I agree about Japan, in fact, the US has been headed that way, thanks to the Fed, which actually brings me to the Euro and how it has it's own central banking agency that is responsible for printing coins and notes, and while Greece may have a crappy economy and be quite spendthrift they do not have the ability to print as much as they like, so their damage to the Euro is actually pretty limited, especially given how small their economy is compared to the other members. No doubt bad apples like Greece might affect investment in the Euro but really it would create a buyer's haven on fears of Greek economic collapse. What about Ireland? Their insolvency didn't seem to much affect the pound and Euro. The reason the US dollar is on a trainwreck long before the Euro is firstly the Euro is getting increased investment, China is selling off it's US notes for more tangible assets or even Euros. Dollar value is greatly diminishing, plus the Fed has outright declared it wants to keep printing like crazy, further devaluing the dollar. The only reason the dollar was ever strong was because of past exports, and worldwide implementation of dollar as a trade currency, along with the gold standard. Soon as the gold standard was ditched, soon as the artificial inflation began just pre-dotcom boom, soon as more countries move away from the dollar, the more unstable the dollar becomes. It's quite a trend that since the dotcom boom and after the dollar has sunk significantly. Both Schiff and Ferguson point out that overseas is, unfortunately, the best investments, especially for long term, as it's very very unclear what shape the dollar will be in 10 years down the road. The Euro will rebound, and countries like Greece can always go back to their own currency.

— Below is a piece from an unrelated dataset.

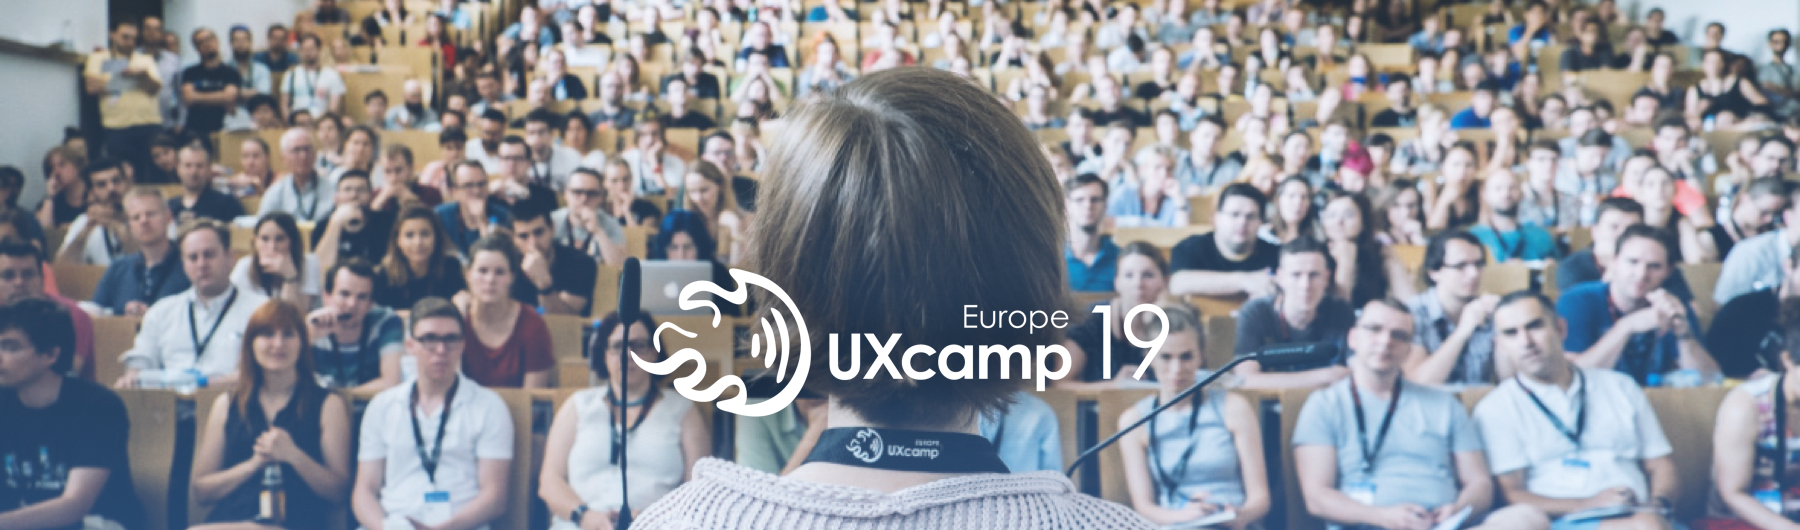 UXcamp Europe 2019
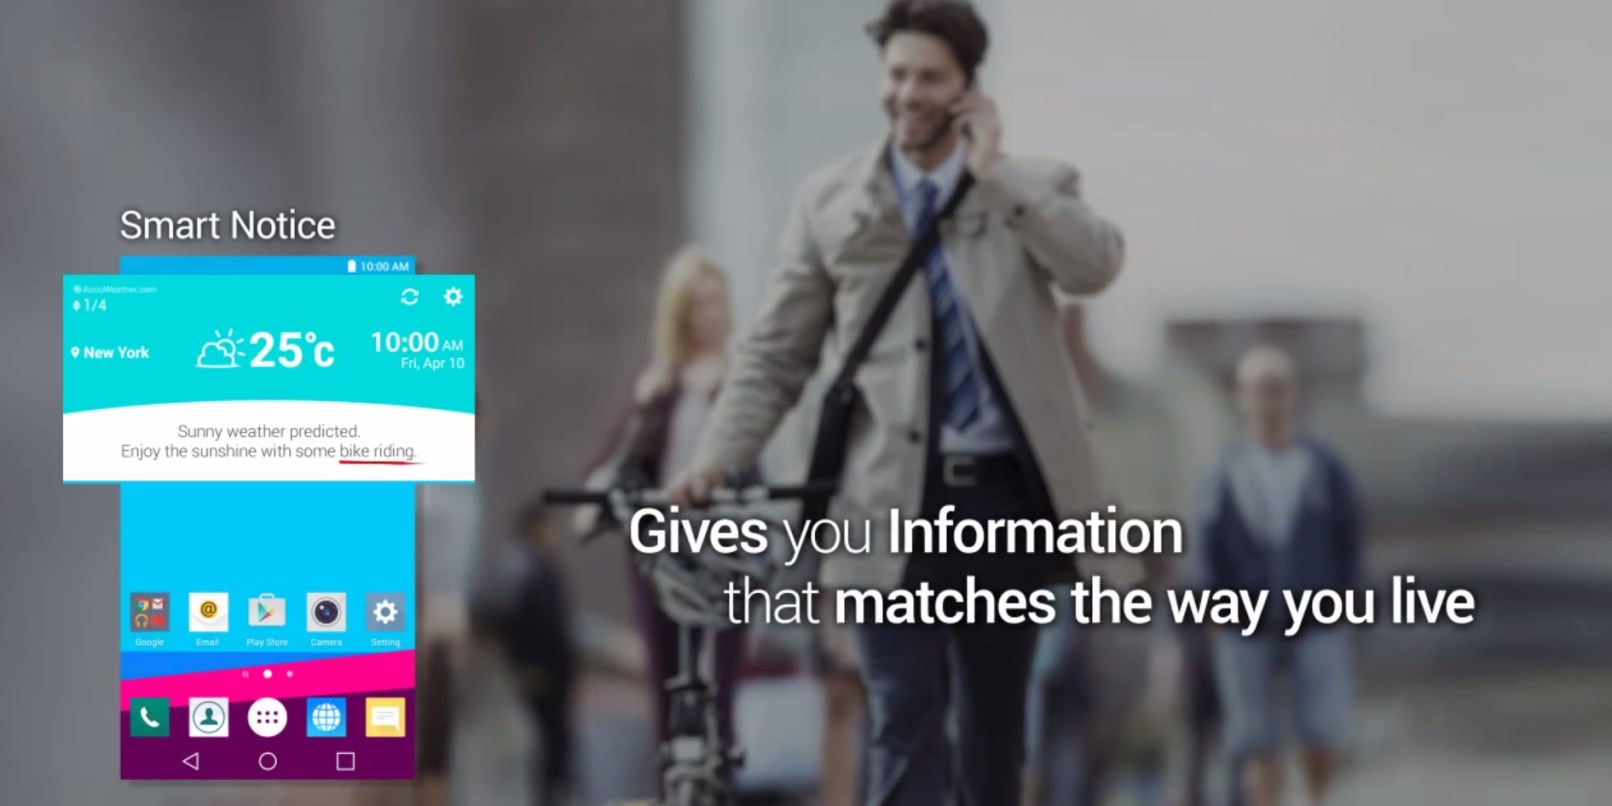 LG UX 4.0 Brings Manual Camera Mode, Intuitive Notifications

I will agree with Tosh and for the very same reason you did about long run capitalism not working but that is indeed because of Keynesian economics on steroids. I don't think the dollar would be in as bad of shape had there been no artificial inflation of prices, reckless amount of printing, and government taking over bad debt. However, the dollar decline and the high amount of US debt needs to have someone banking off of it, and well, ironically, it's China. Perhaps the RMB is a better long term investment given the path to restrained inflation they are headed.

I gotta say though I like the fact that I'm discussing with some fine chaps who actually know what they're talking about. It's really soured me on any subject concerning the dollar with the Captain America attitude and how brilliant guys like Schiff get the flag in the face for being more forthcoming about the dollar and US investments.